The Glorious History of Aathenaar, Part Four: The Twelve Children of Alatia

Alatia, the Mother of all creatures, was also a mother in the more traditional sense. She raised the twelve boys and girls to whom she had given birth conscientiously, and few could claim to have happier childhoods. But she also trained them diligently, for she knew that they were destined to populate the world, and they would have to do so without her constant guidance.

When her children were fourteen, she gathered them together. “My beloveds,” she began, “It is time for you to know your higher purpose. It is your duty to spread the race of man throughout the land.”

Her children all nodded, for while they had not been told this before, they were each possessed of intelligence and had suspected something like this.

The next day, after embracing their mother, and each other, the Twelve Children of Alatia set out.
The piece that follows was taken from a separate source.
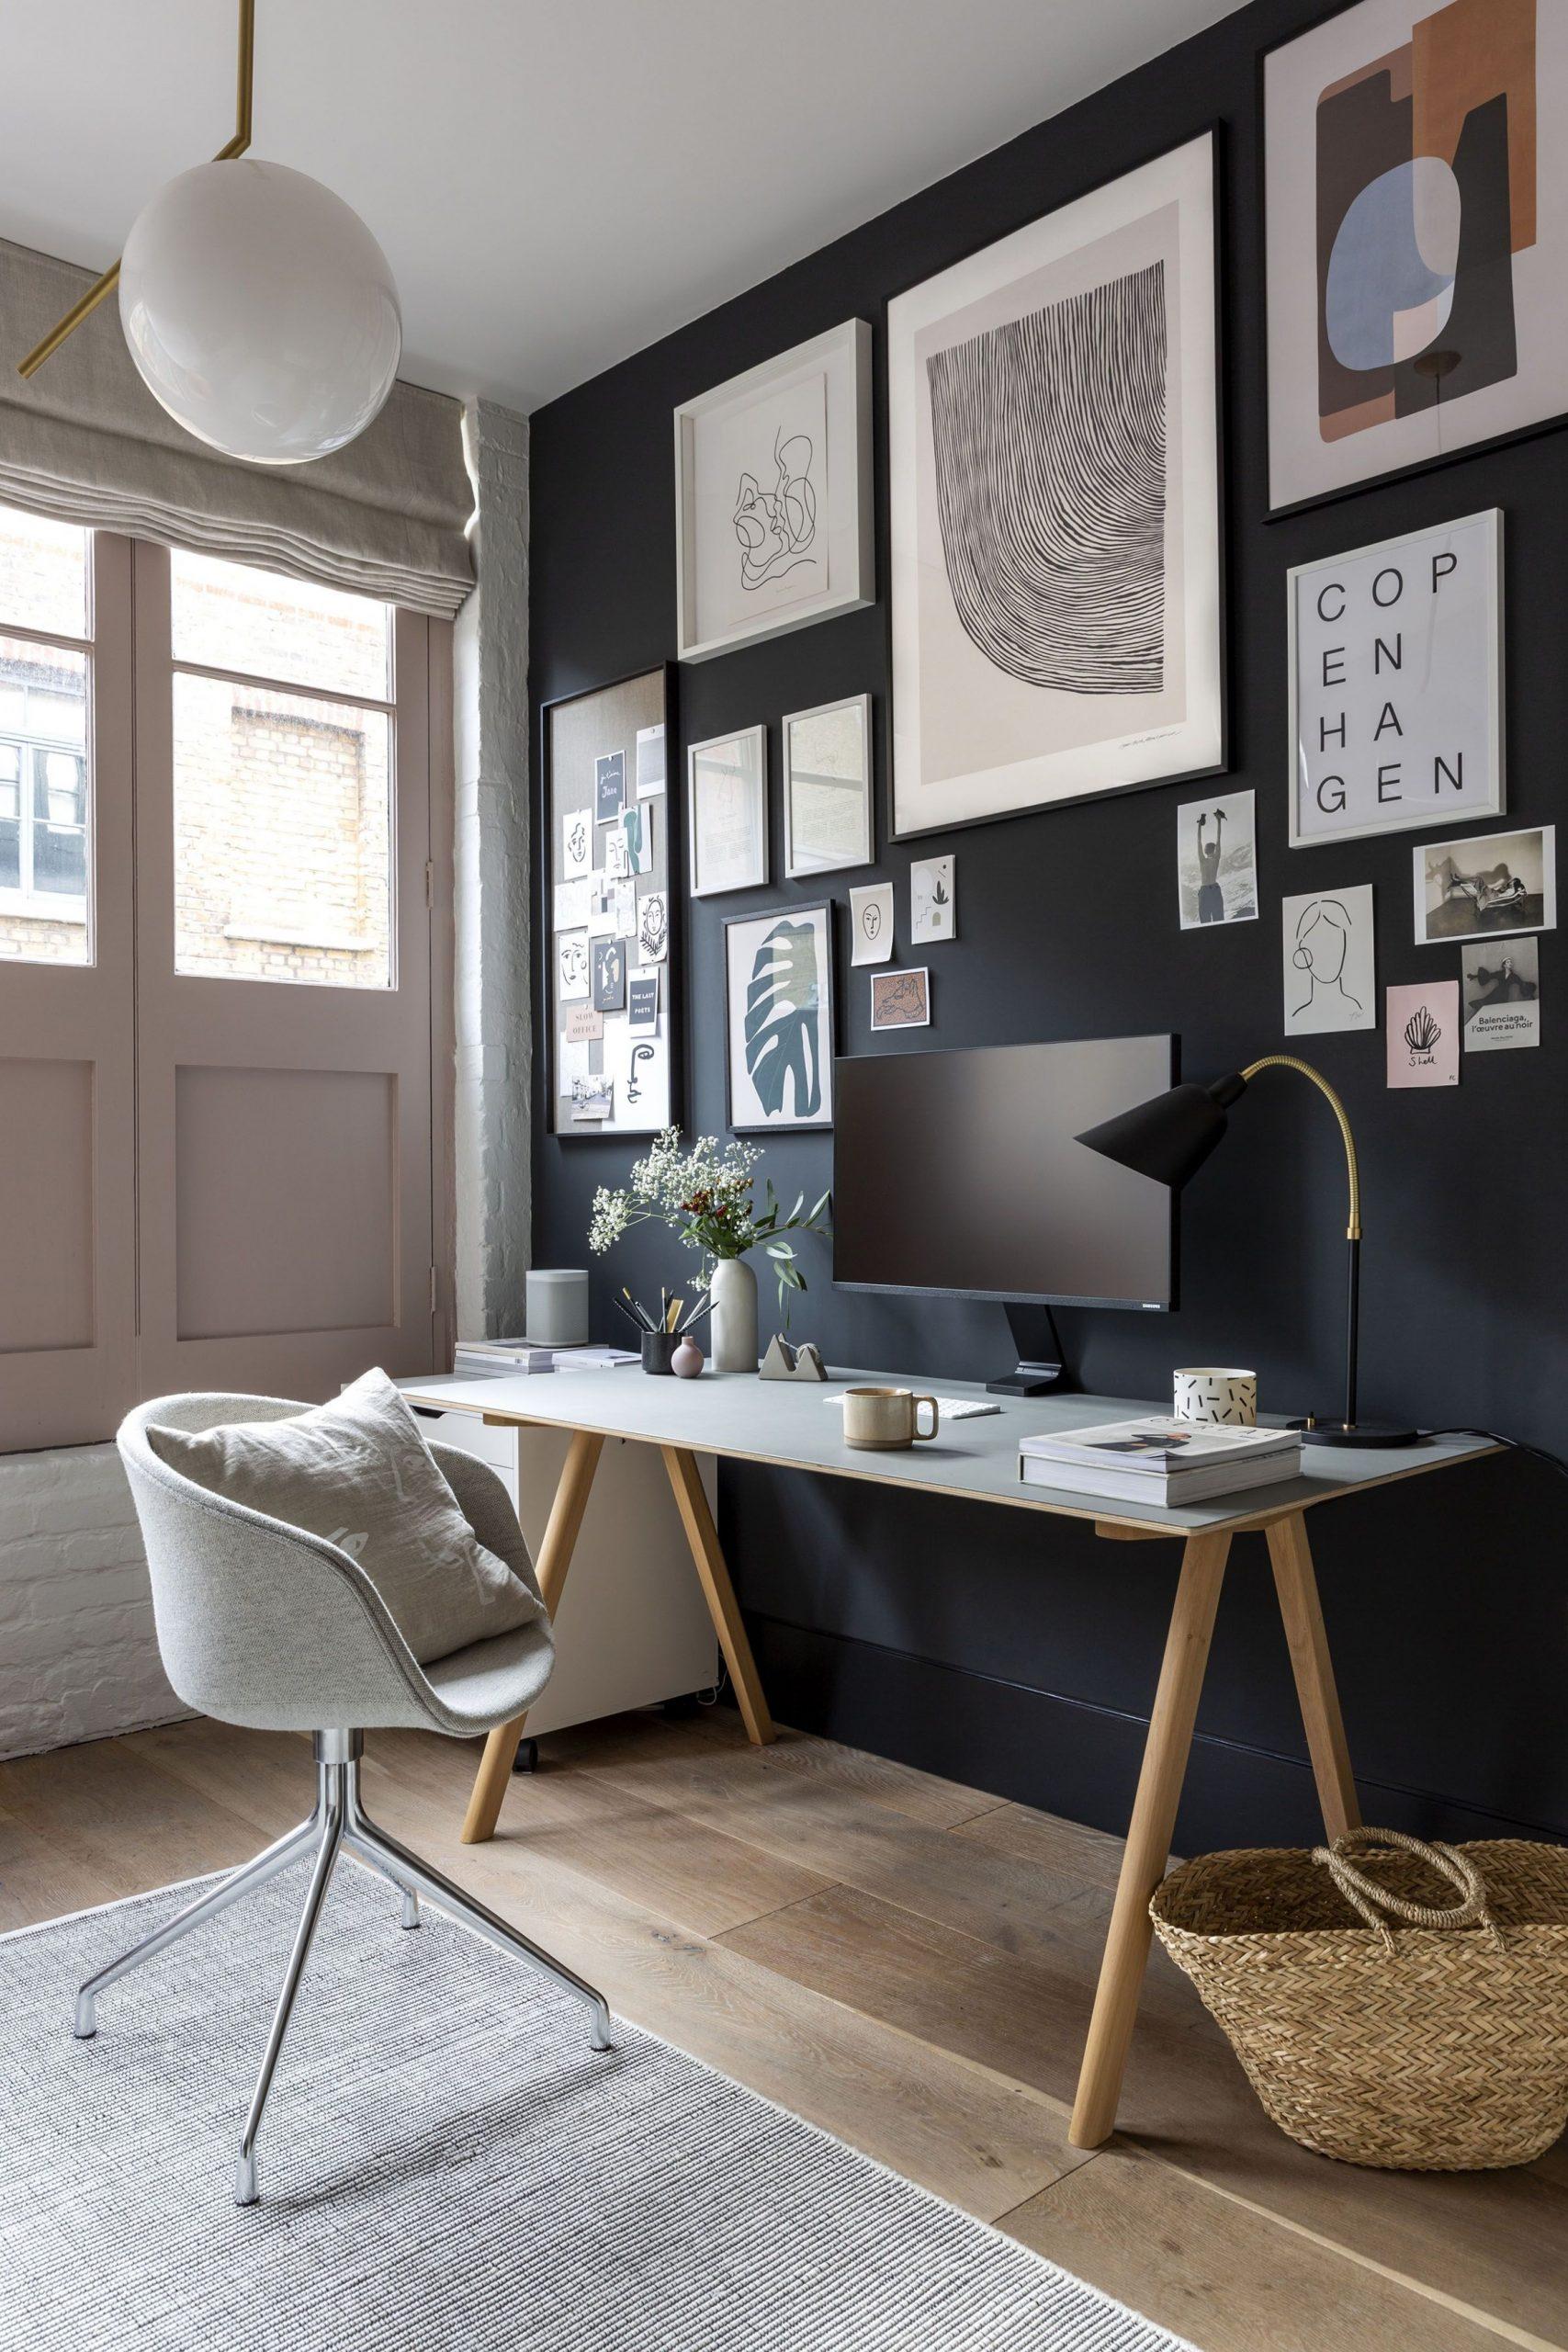 A cool, minimalist home office in a Shoreditch loft apartment  - Home Office Ideas Loft

Rawz, the eldest, headed to the eastern forests to make her home among the trees, where her industrious nature could find magnificent raw materials with which to work. Zacharai traveled through those forests to the eastern shore, from whence he planned to stage great explorations of the seas. But he was as lazy as Rawz was industrious, and he never got further than dreaming while relaxing along the shore—a trait shared by his descendants. Cavin too settled along the shore, in the west; he made no pretensions of exploration, but instead established the beginnings of a thriving fishing industry.

Colm opted for the northern mountains, for he enjoyed wearing luxurious furs. Liekei chose for herself the highlands at the foot of Colm’s territory, which would allow her to appeal to her brother’s goodwill for whatever needs she did not wish to provide for herself.

Elba selected the inhospitable central deserts, for she enjoyed the solitude afforded by the harsh landscape and felt sympathy for the creatures that lived there and were so unfairly despised. Zoological pursuits also shaped Naiar’s decision to live in the southwestern jungle, for he loved all creatures, and nowhere else were there so many of so many types.

Quend claimed that the fertile plains of the south matched her flaxen hair, which was true, but she also had the greatest connection to the land and the ability to coax from it the greatest bounty. Anders was quite the least liked of the siblings, and it was suggested that he might find friends among the snakes and lizards of the eastern marsh.

The Salty Shemork Lake (named for the sound a female sprite makes upon discovering the pleasure of the touch of another female) in the northwest became the home of Uutra, who developed it into a peaceful idyll. And surprisingly, this feat was nearly matched by the western lowlands, which was made first habitable and then beautiful by a series of cunning engineering works on the part of Jaara.

But one region of the entire world was left, and that was the difficult territory of Aathenaar. Alatia called to her Marion, the youngest and most beloved of her sons.

“You will live in Aathenaar,” she said, “and you and your descendants shall make it great, for you are truly the finest of my creations, and so you are the best for the hardest job.”

Marion bowed in silent acknowledgment of this speech. When he got to Aathenaar he immediately began shaping the land, turning it into something hospitable, though even the fiber of the dirt tried to fight back.

Like all tasks worthy of effort, this one was greater than one man’s lifetime. It endures today, continued by the people of Aathenaar, with grace, fortitude, and aplomb.